• _TASK DETAILS_
Write the full listing out again, word for word, but omit the pictures.

• _COLLECTED MATERIAL_
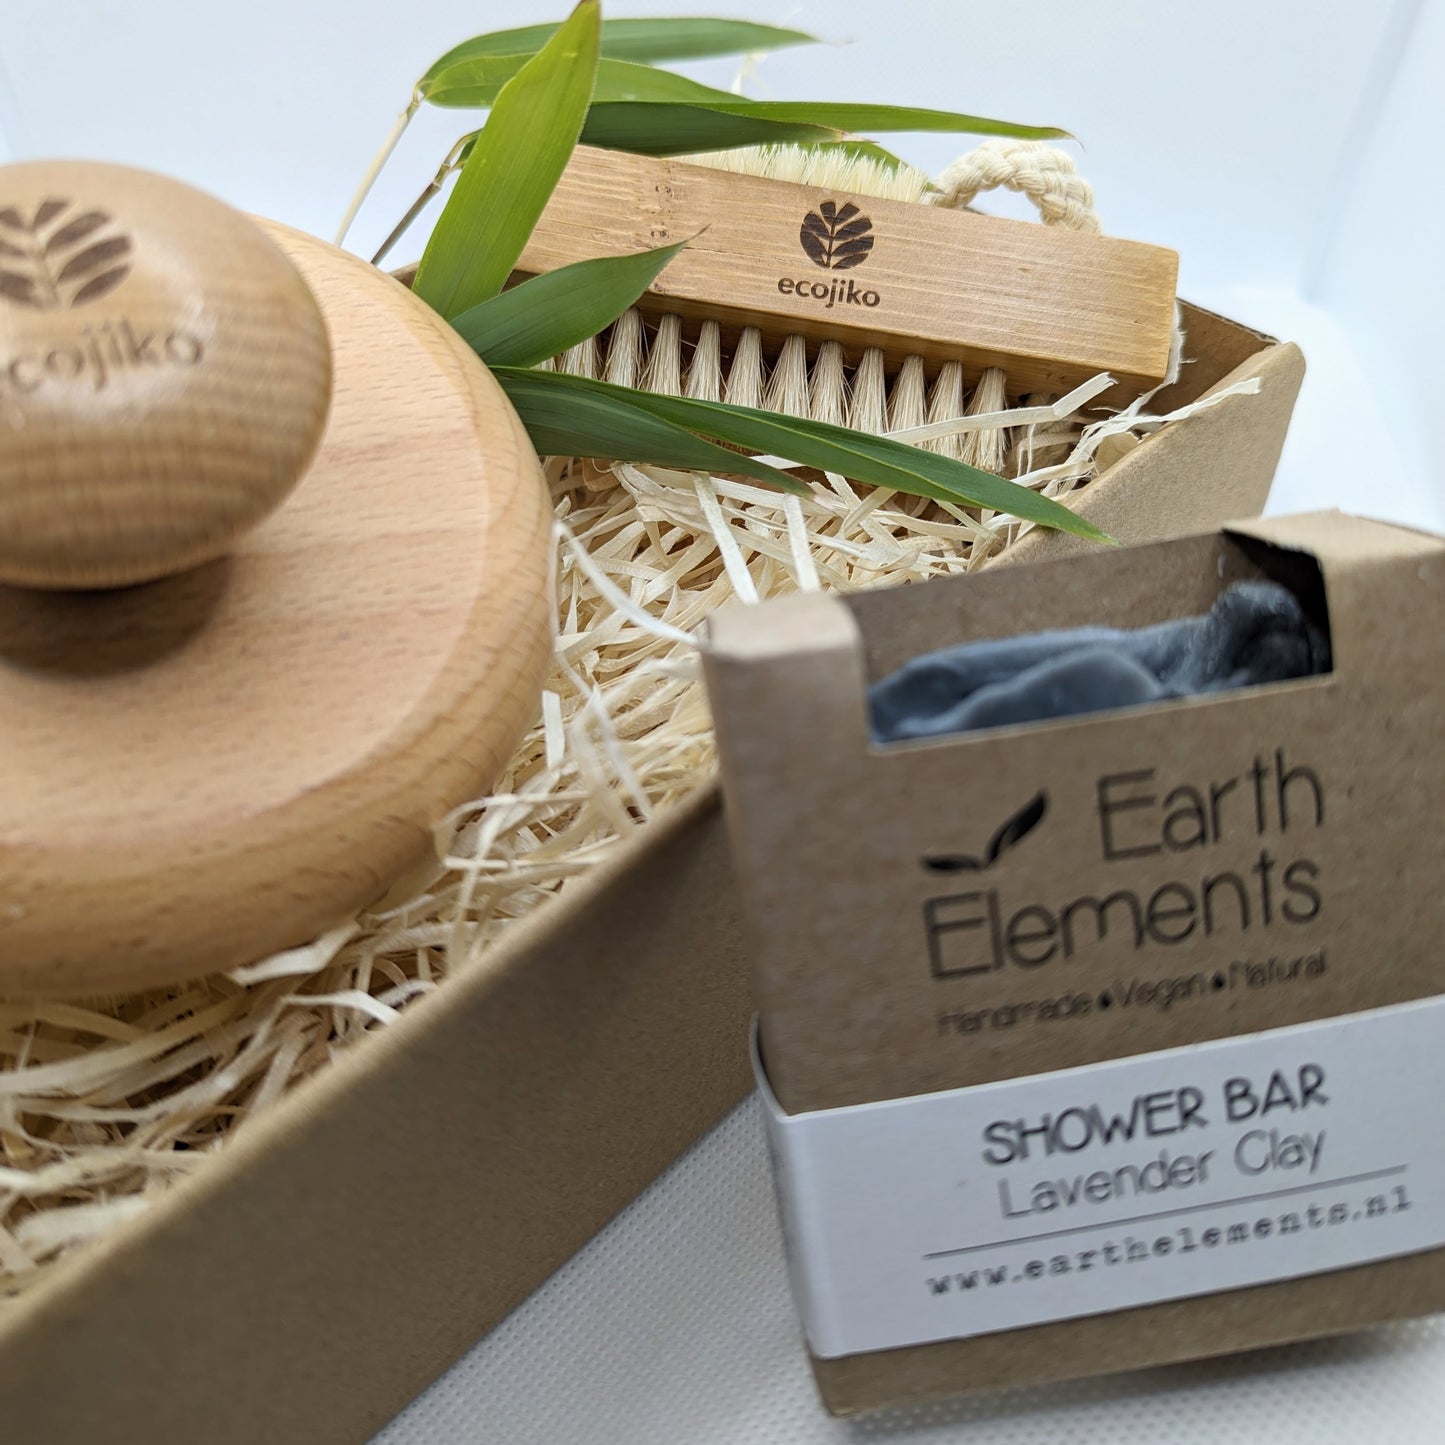 eco friendly zero waste gift box with soap body brush and nail brush
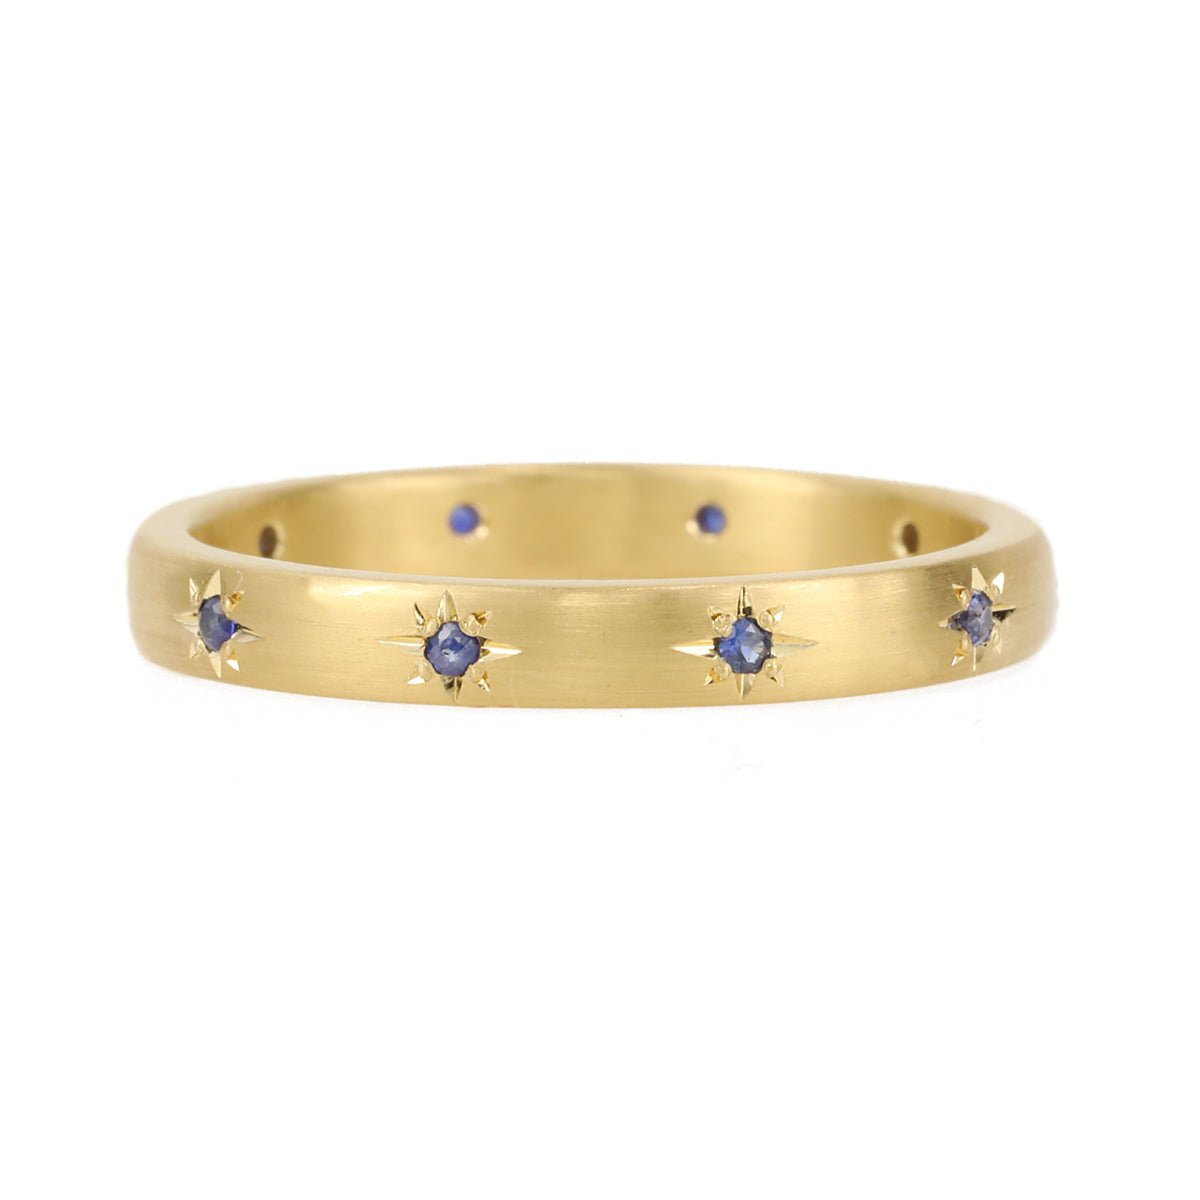 Caroline Ellen 20K Gold Narrow Slightly Rounded Ring with 10 Star-Set Blue Sapphires
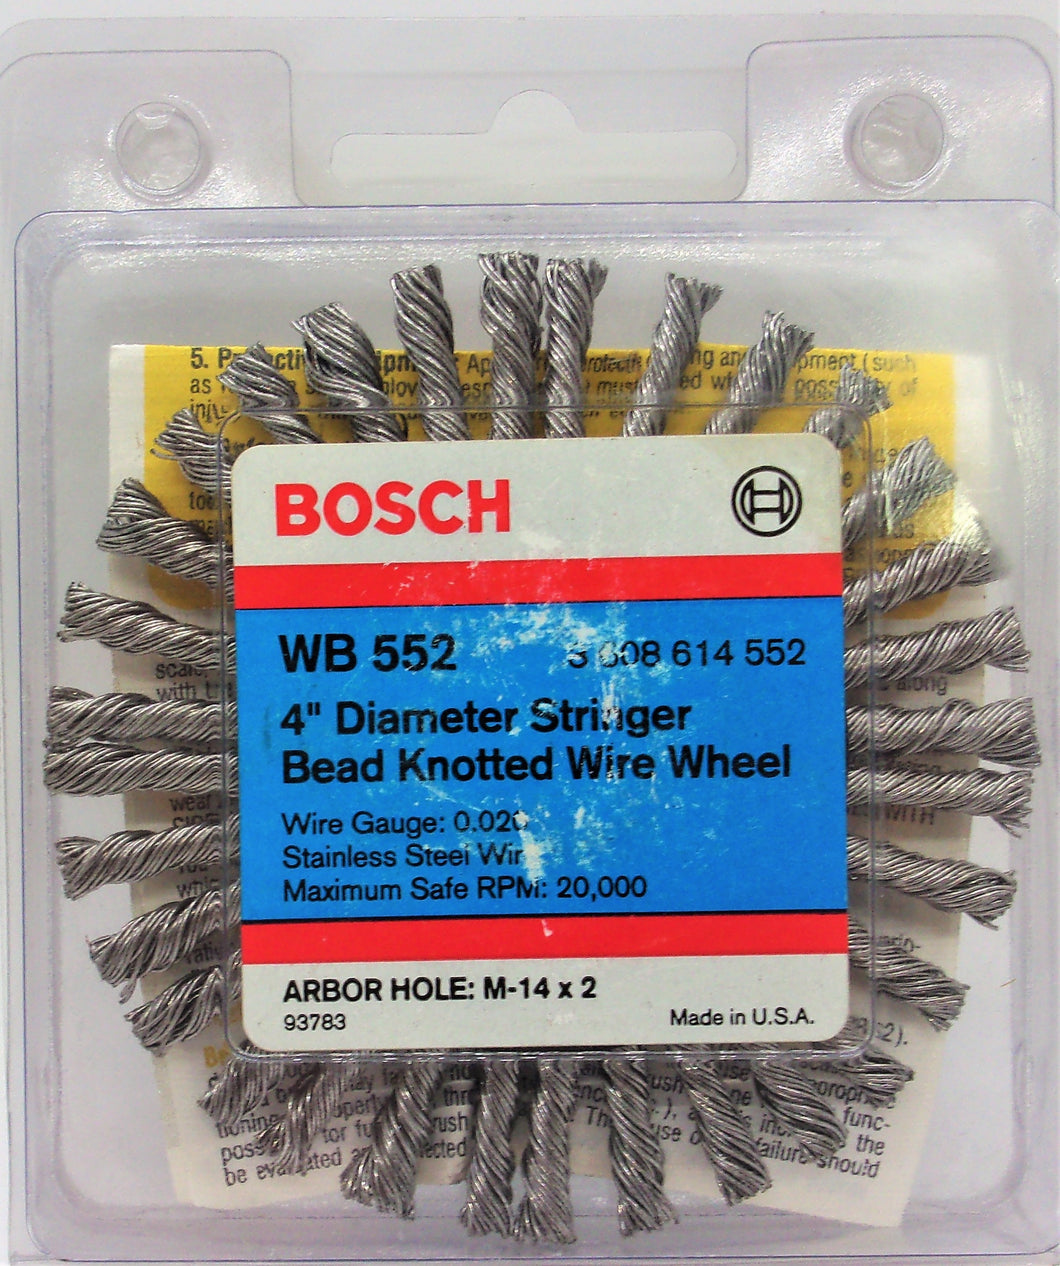 Bosch WB 552 4
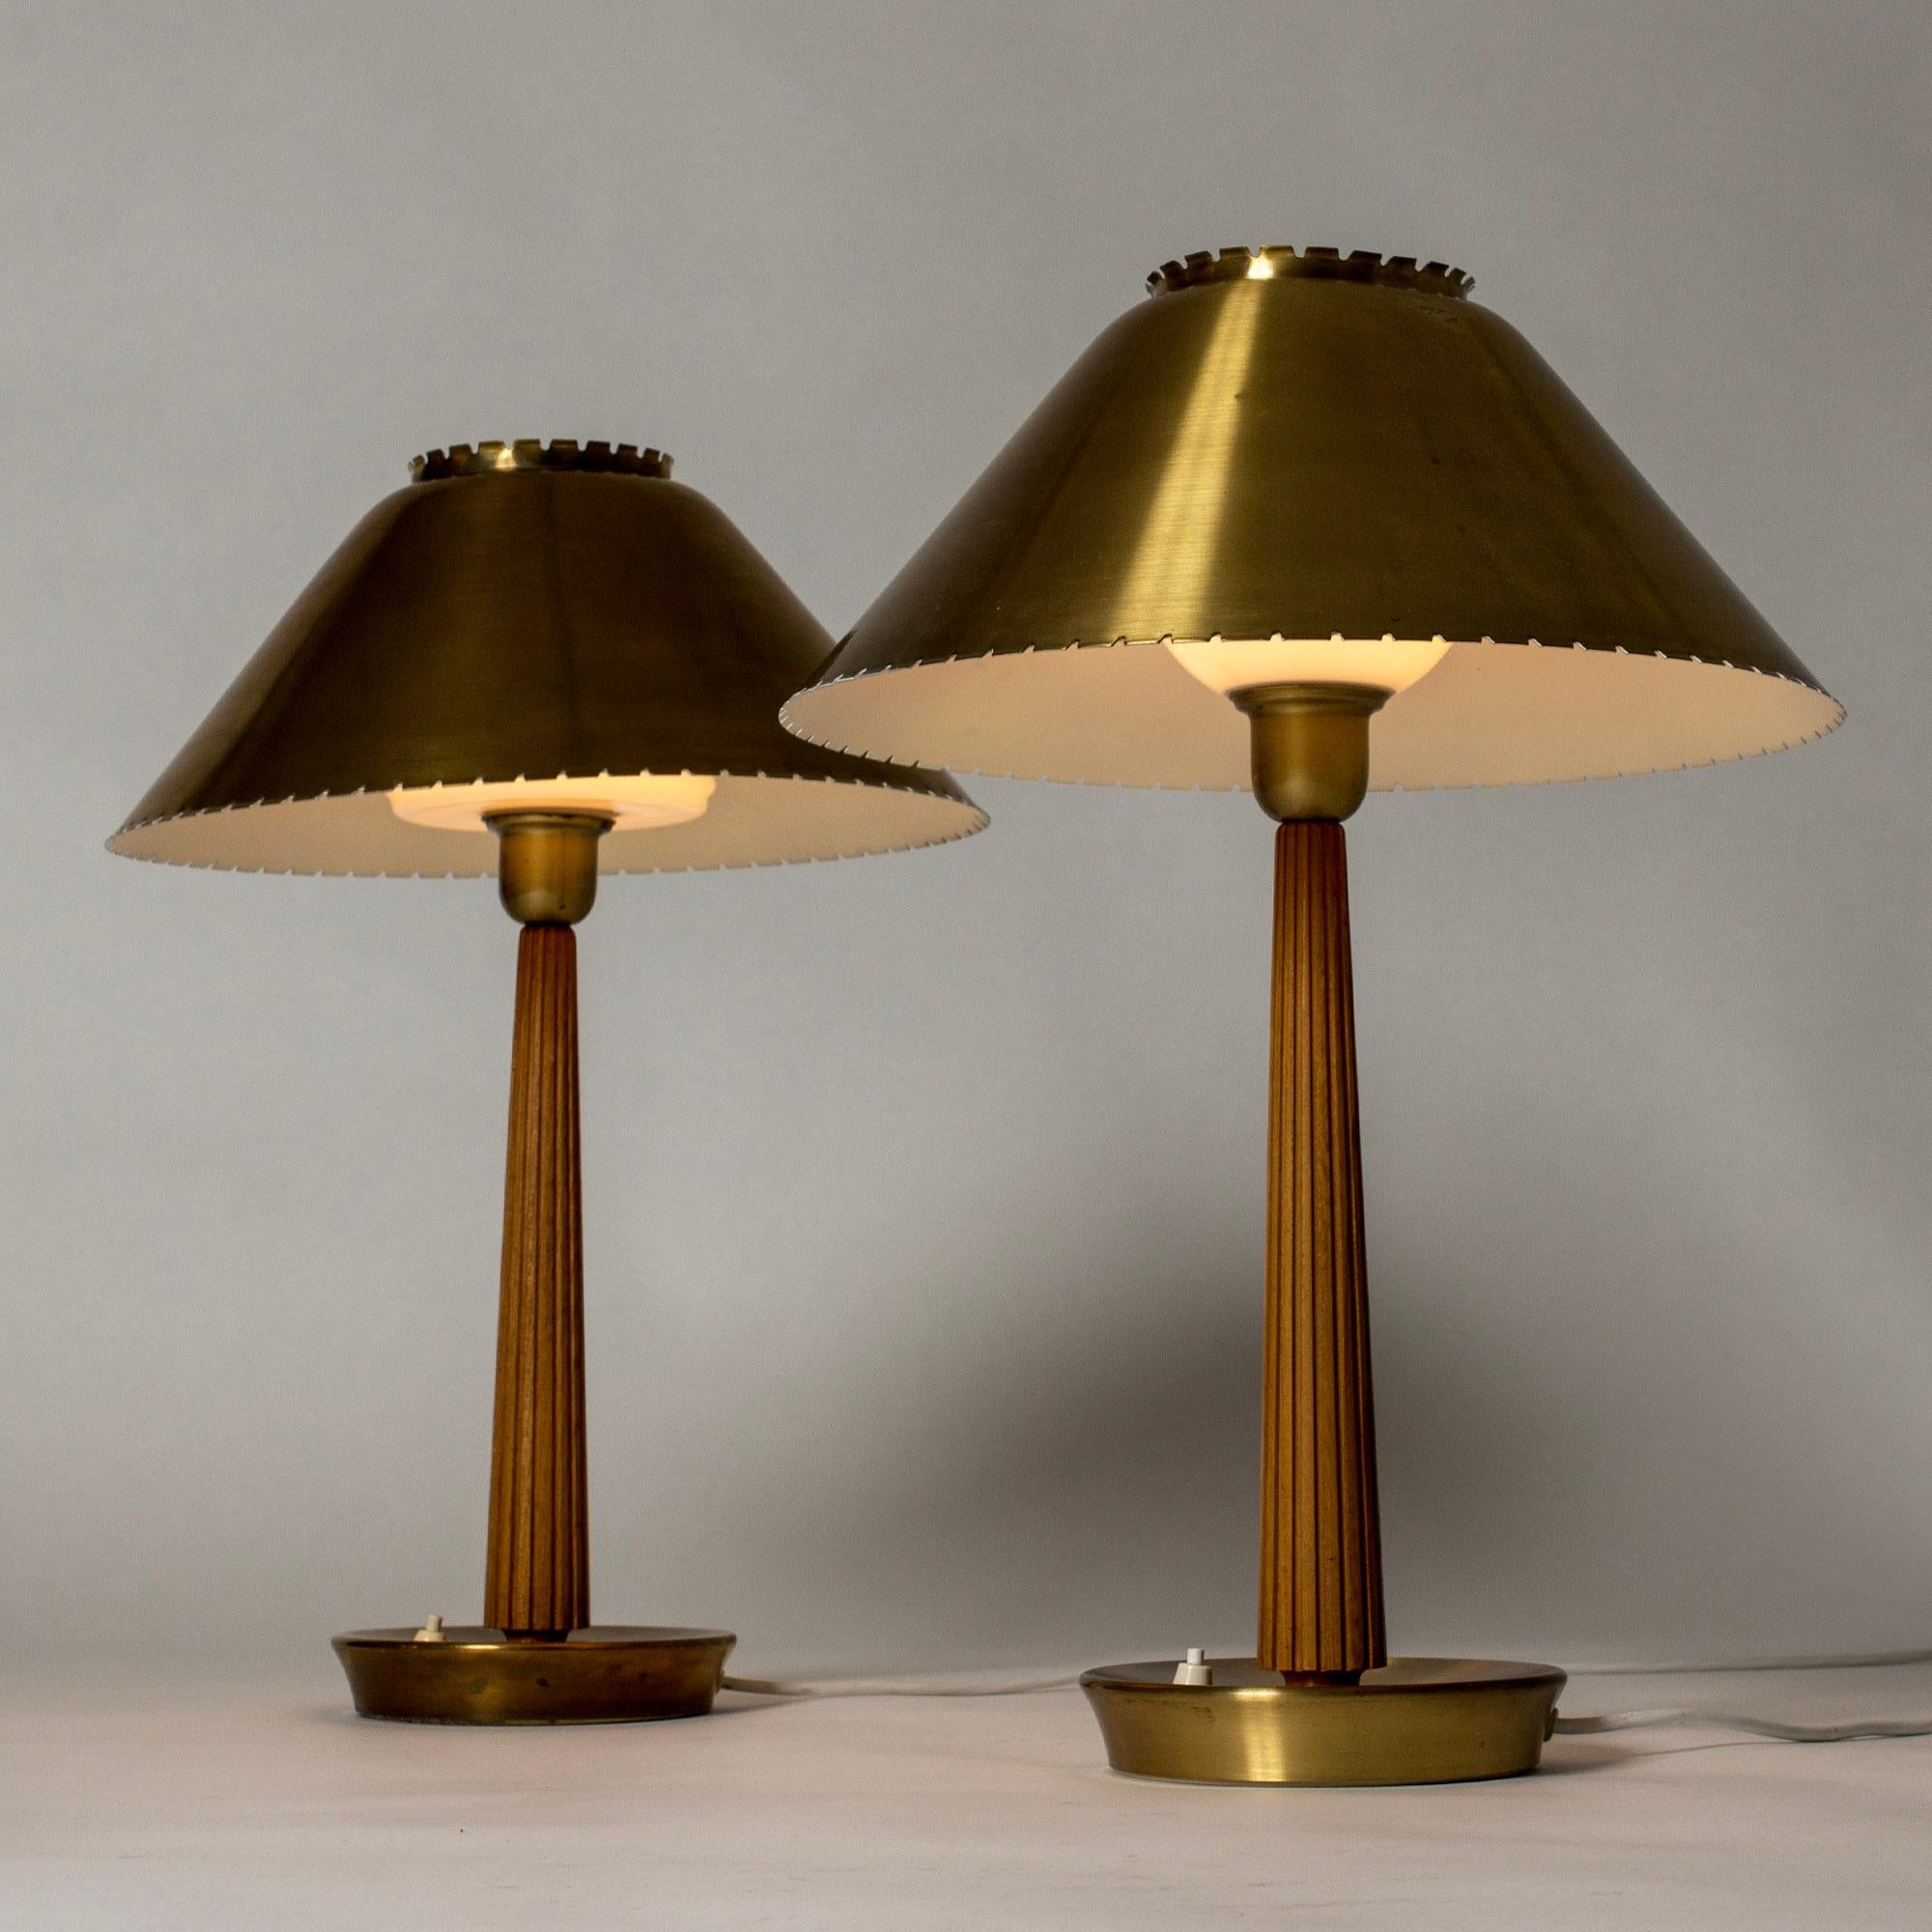 Scandinavian Modern Table Lamps, Hans Bergström, ASEA, Sweden, 1950s For Sale 1

• _RESULT BELOW_
 eco friendly zero waste gift box with soap body brush and nail brush
 Caroline Ellen 20K Gold Narrow Slightly Rounded Ring with 10 Star-Set Blue Sapphires
 Bosch WB 552 4
 Scandinavian Modern Table Lamps, Hans Bergström, ASEA, Sweden, 1950s For Sale 1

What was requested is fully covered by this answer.